Directions —
Each line of the listing below must be retyped exactly, with images left out.

Dataset excerpt —
______

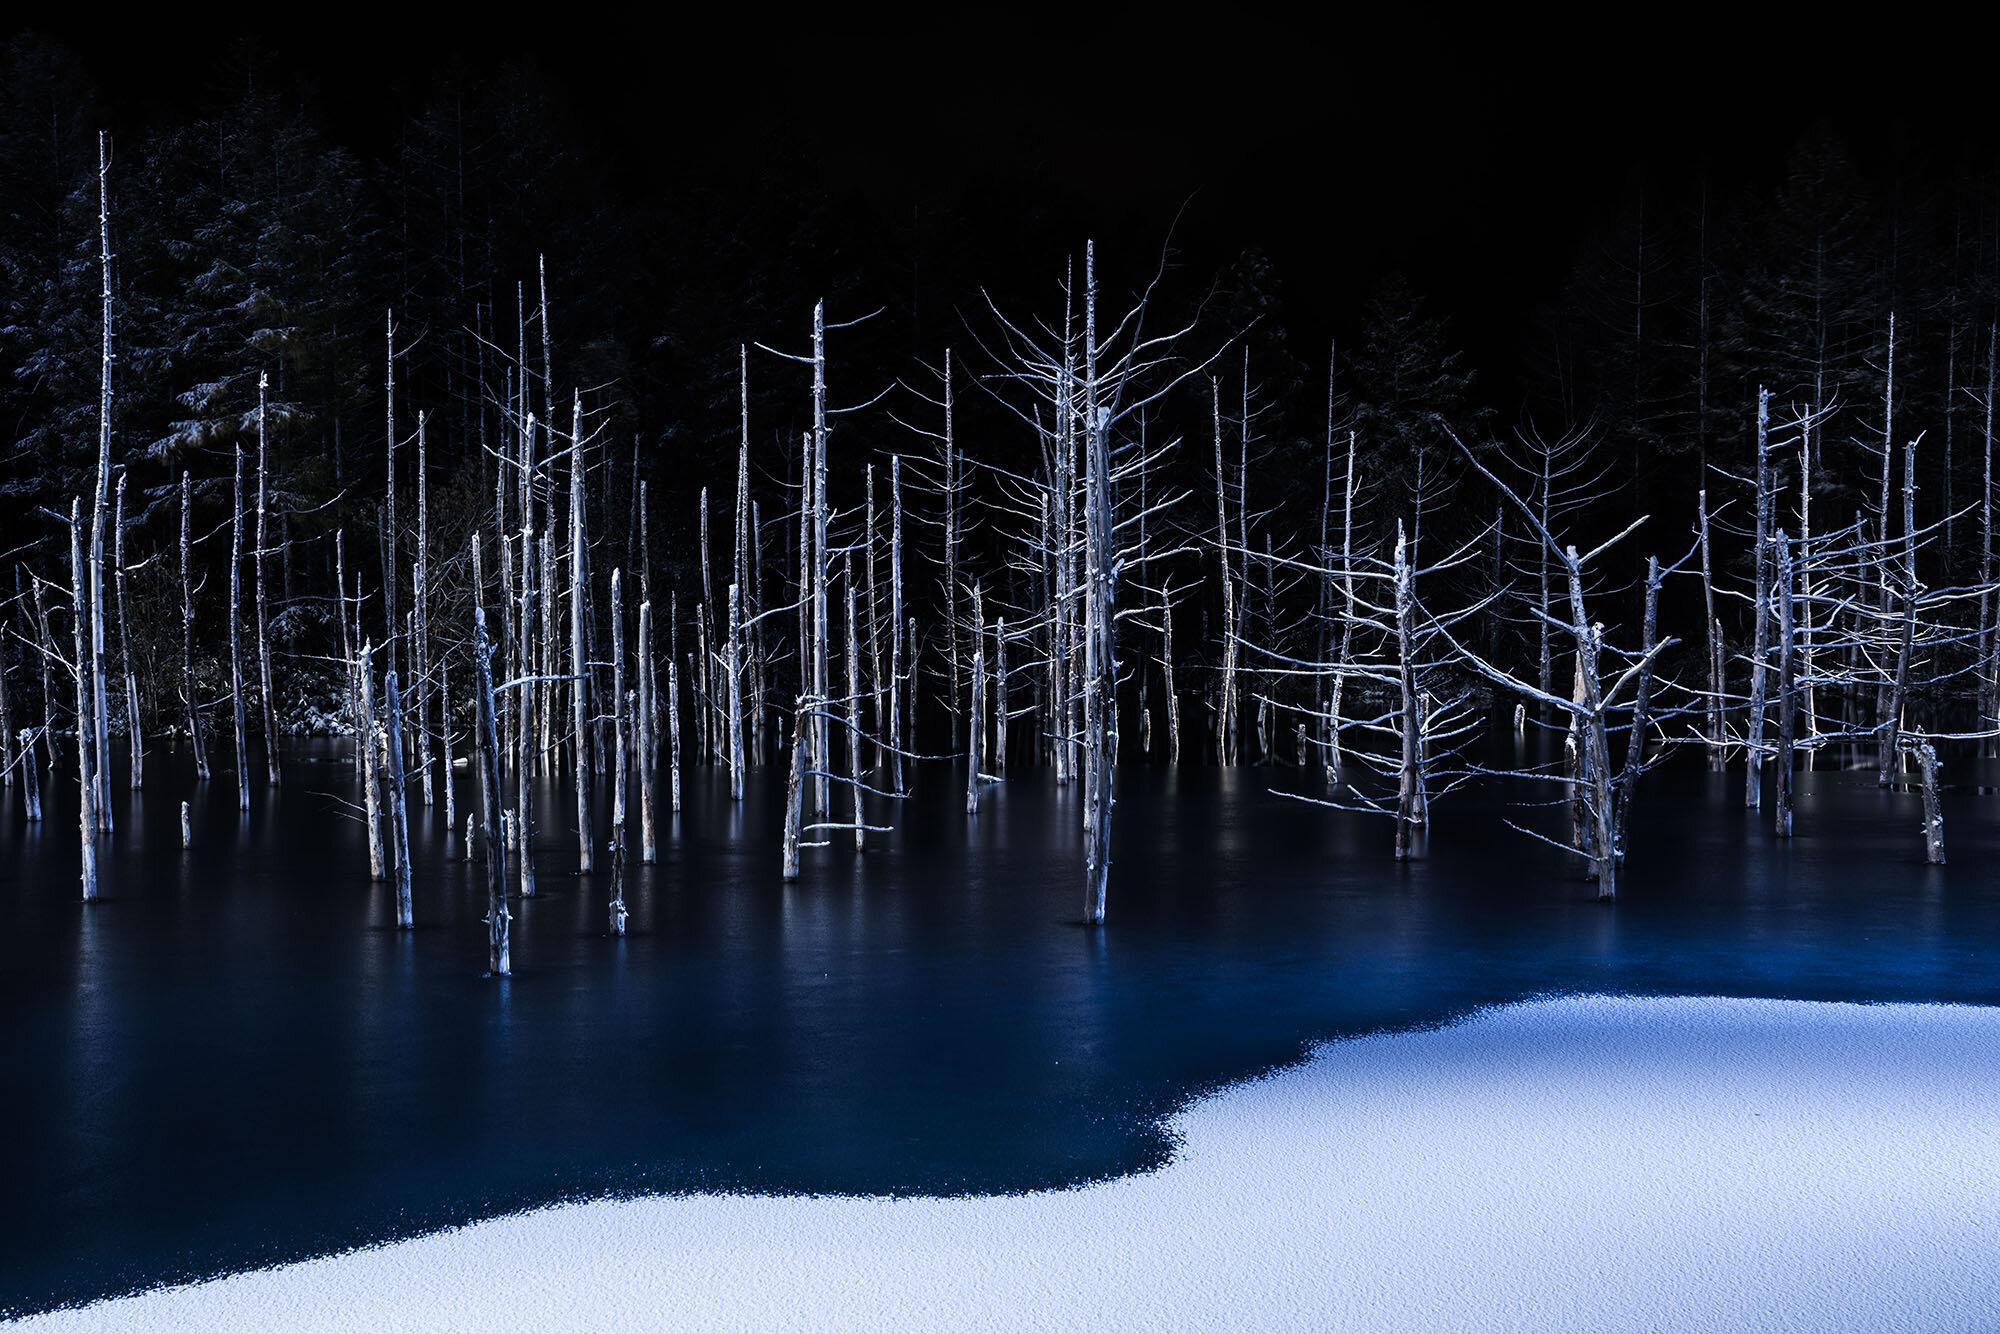 190283_206440_5_ © Hiroshi Tanita, Japan, Winner, Open Competition, Nature, 2017 Sony World Photography Awards.jpg
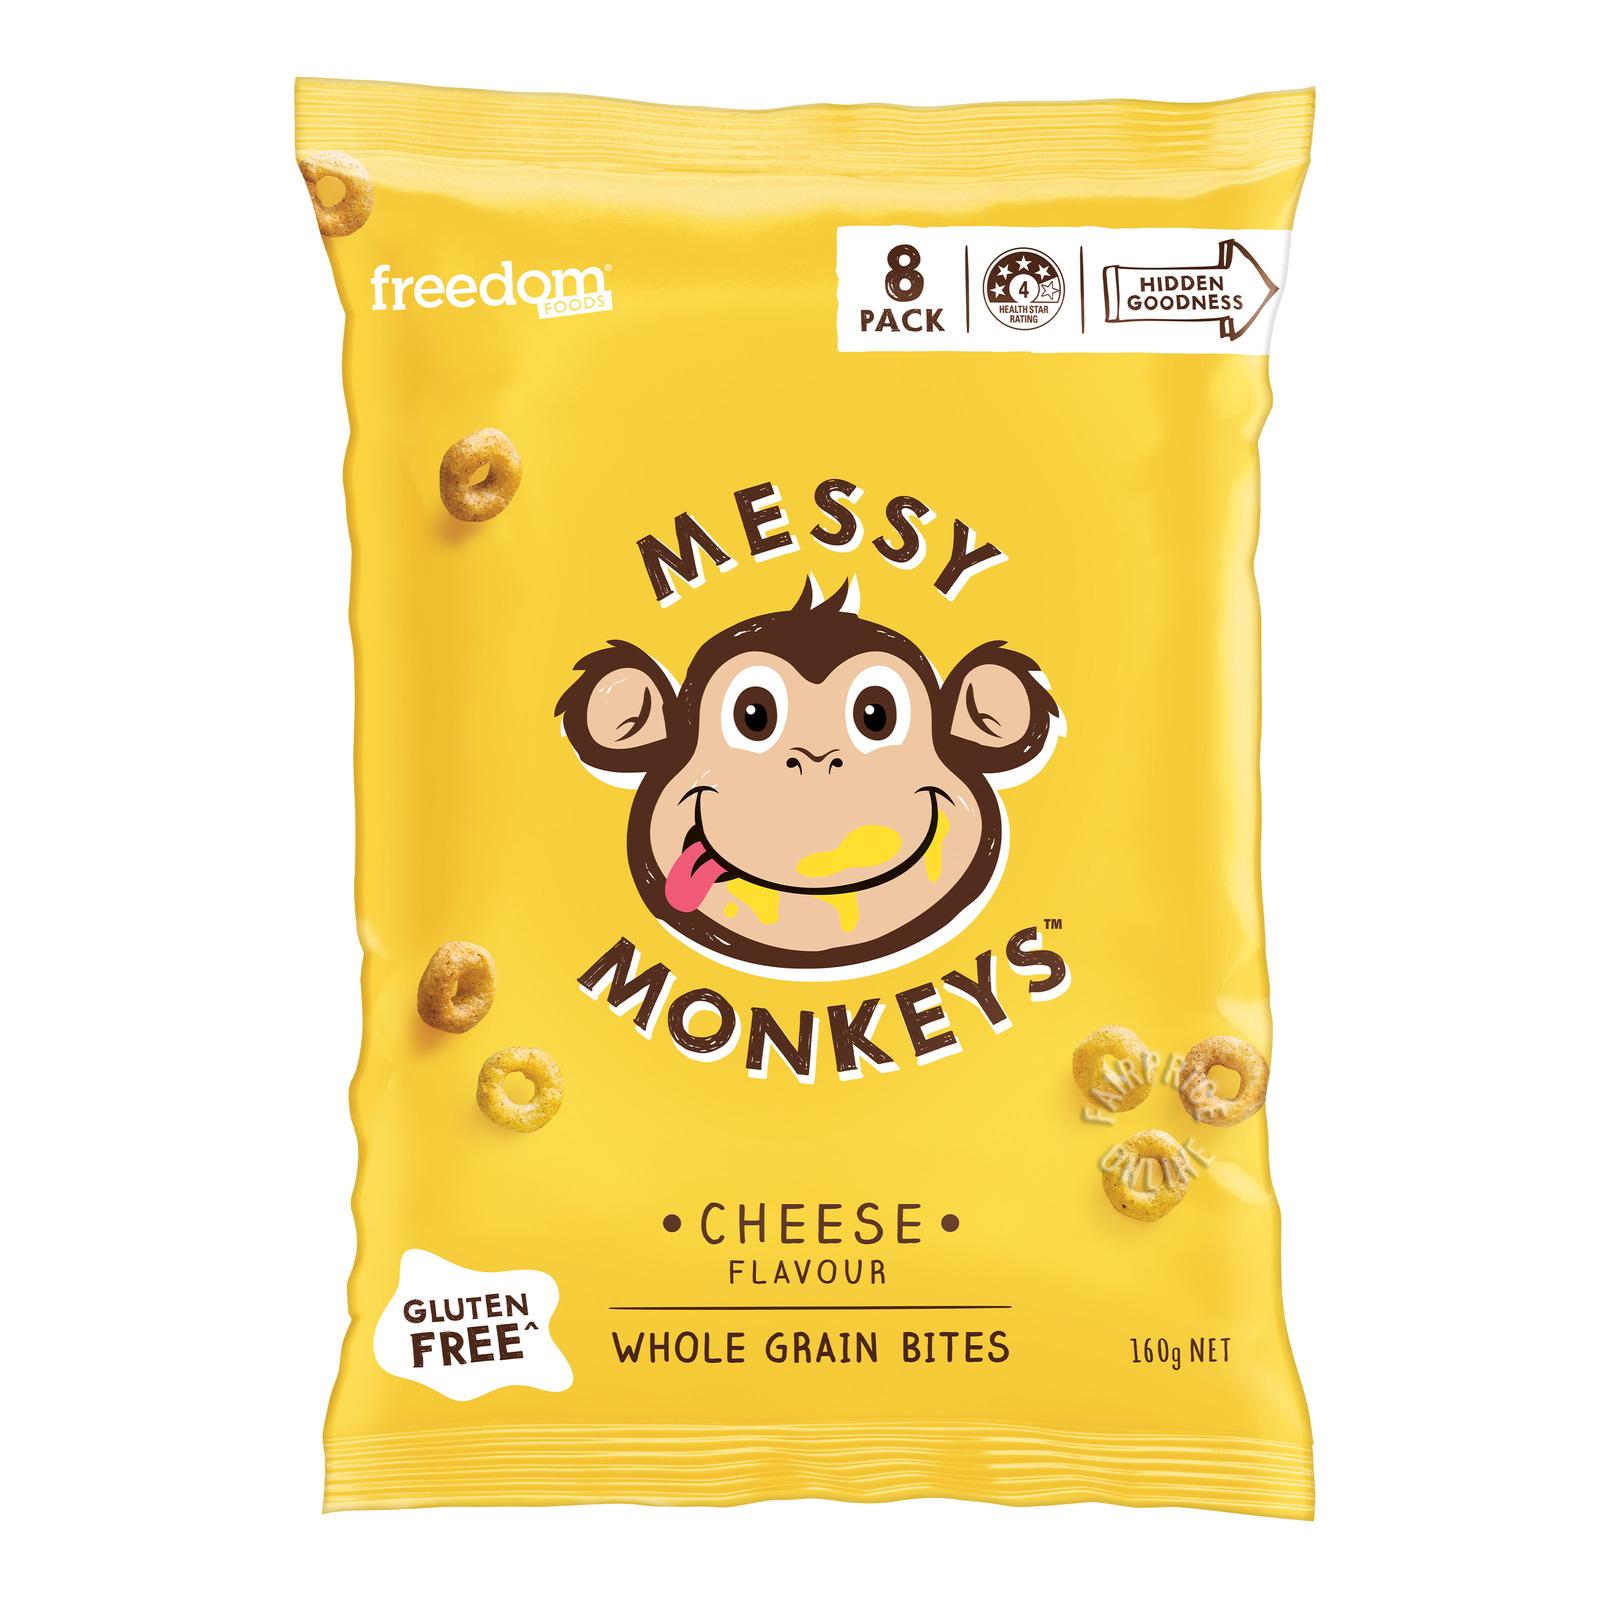 Freedom Foods Messy Monkeys Whole Grain Bites - Cheese
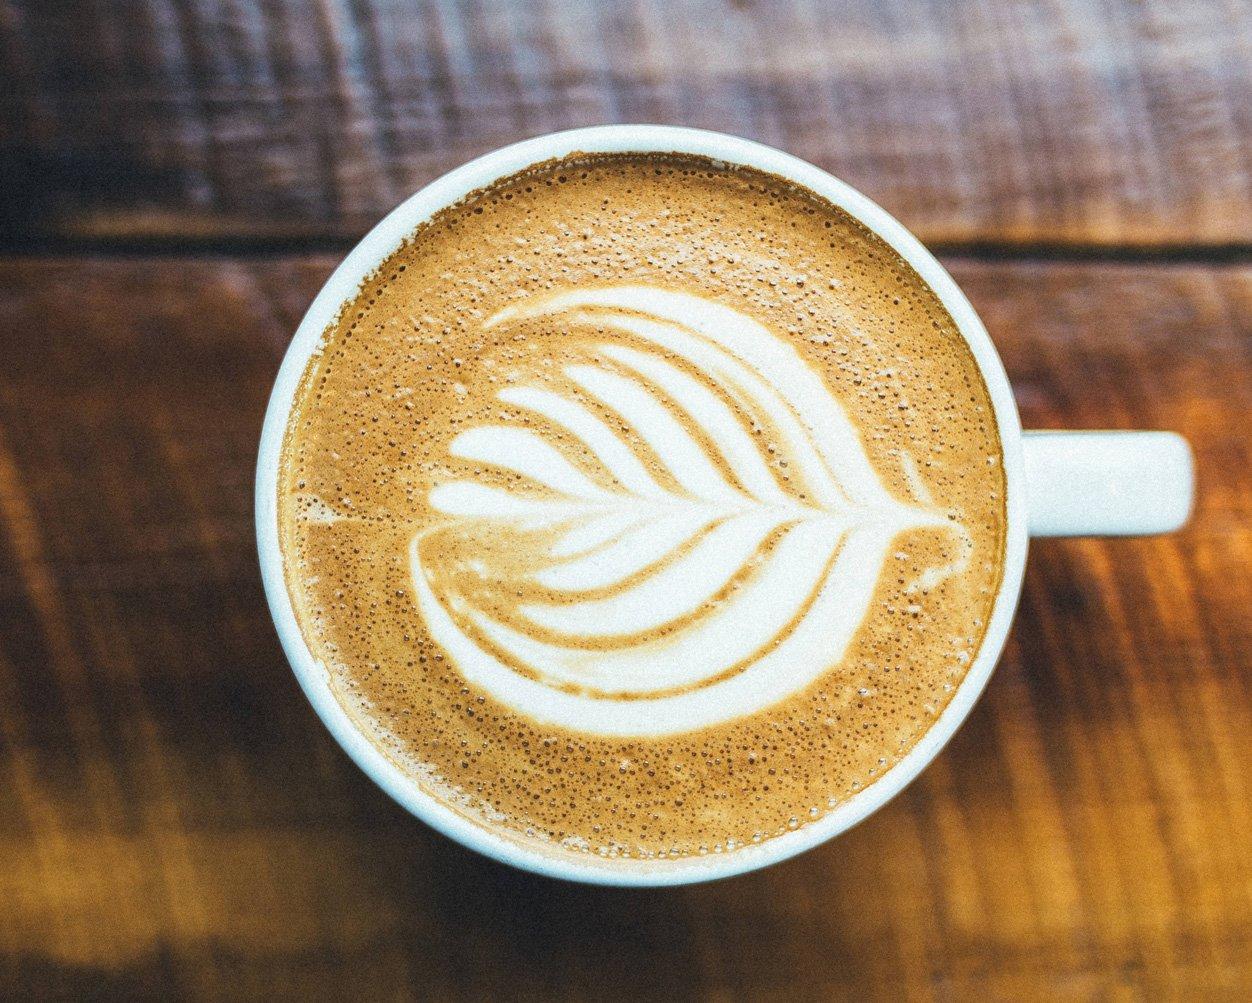 cafe-aulait
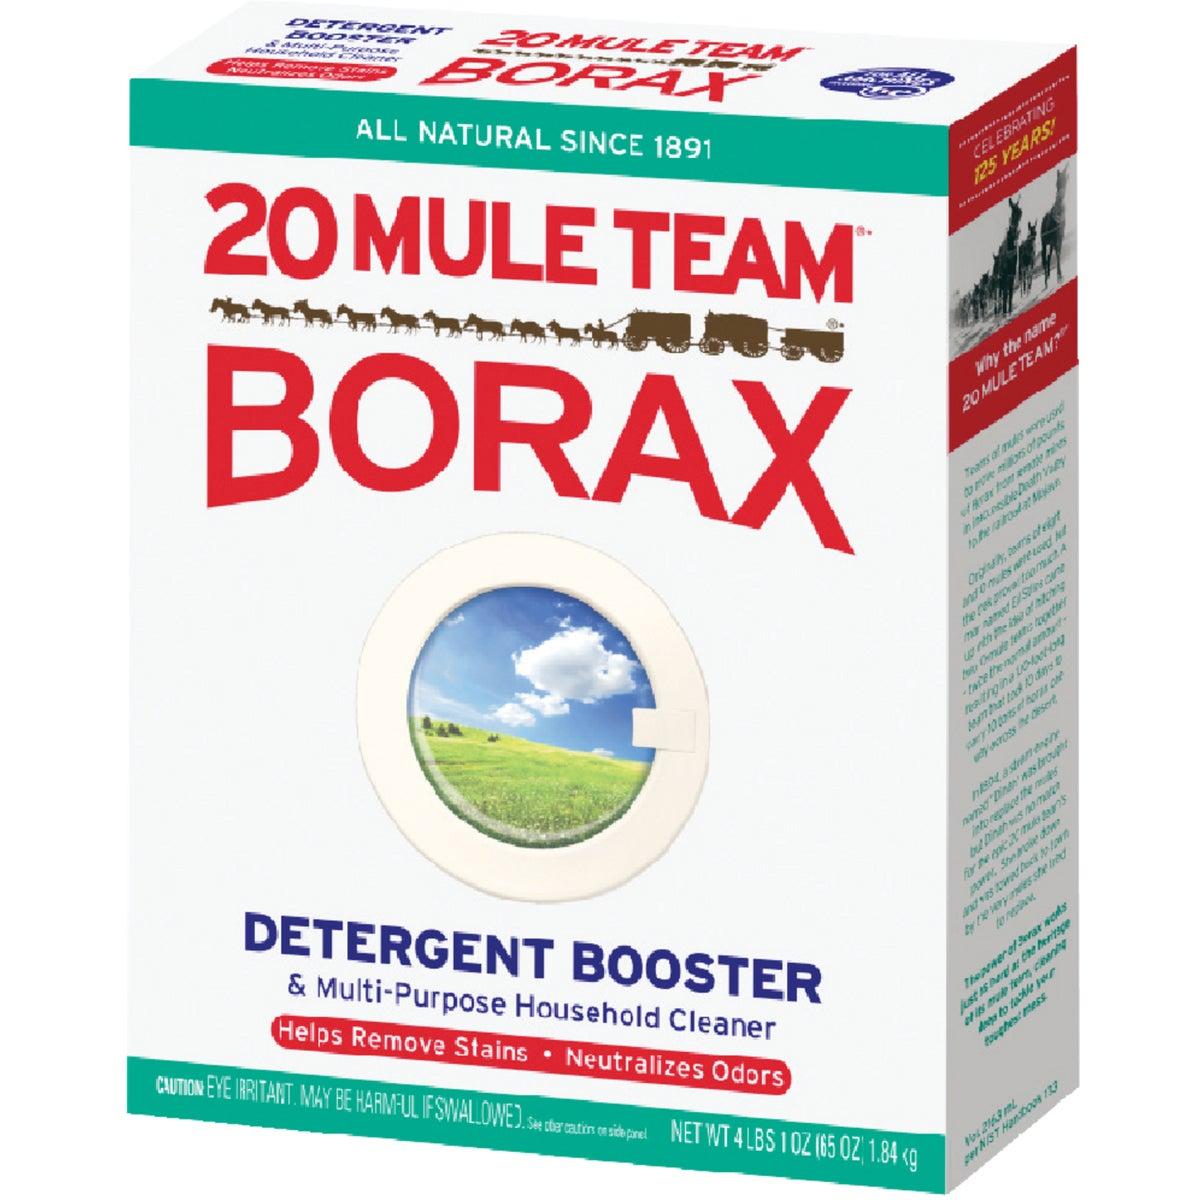 20 Mule-Team Borax Laundry Booster, DIA 00201

______

Worked solution —
 190283_206440_5_ © Hiroshi Tanita, Japan, Winner, Open Competition, Nature, 2017 Sony World Photography Awards.jpg
 Freedom Foods Messy Monkeys Whole Grain Bites - Cheese
 cafe-aulait
 20 Mule-Team Borax Laundry Booster, DIA 00201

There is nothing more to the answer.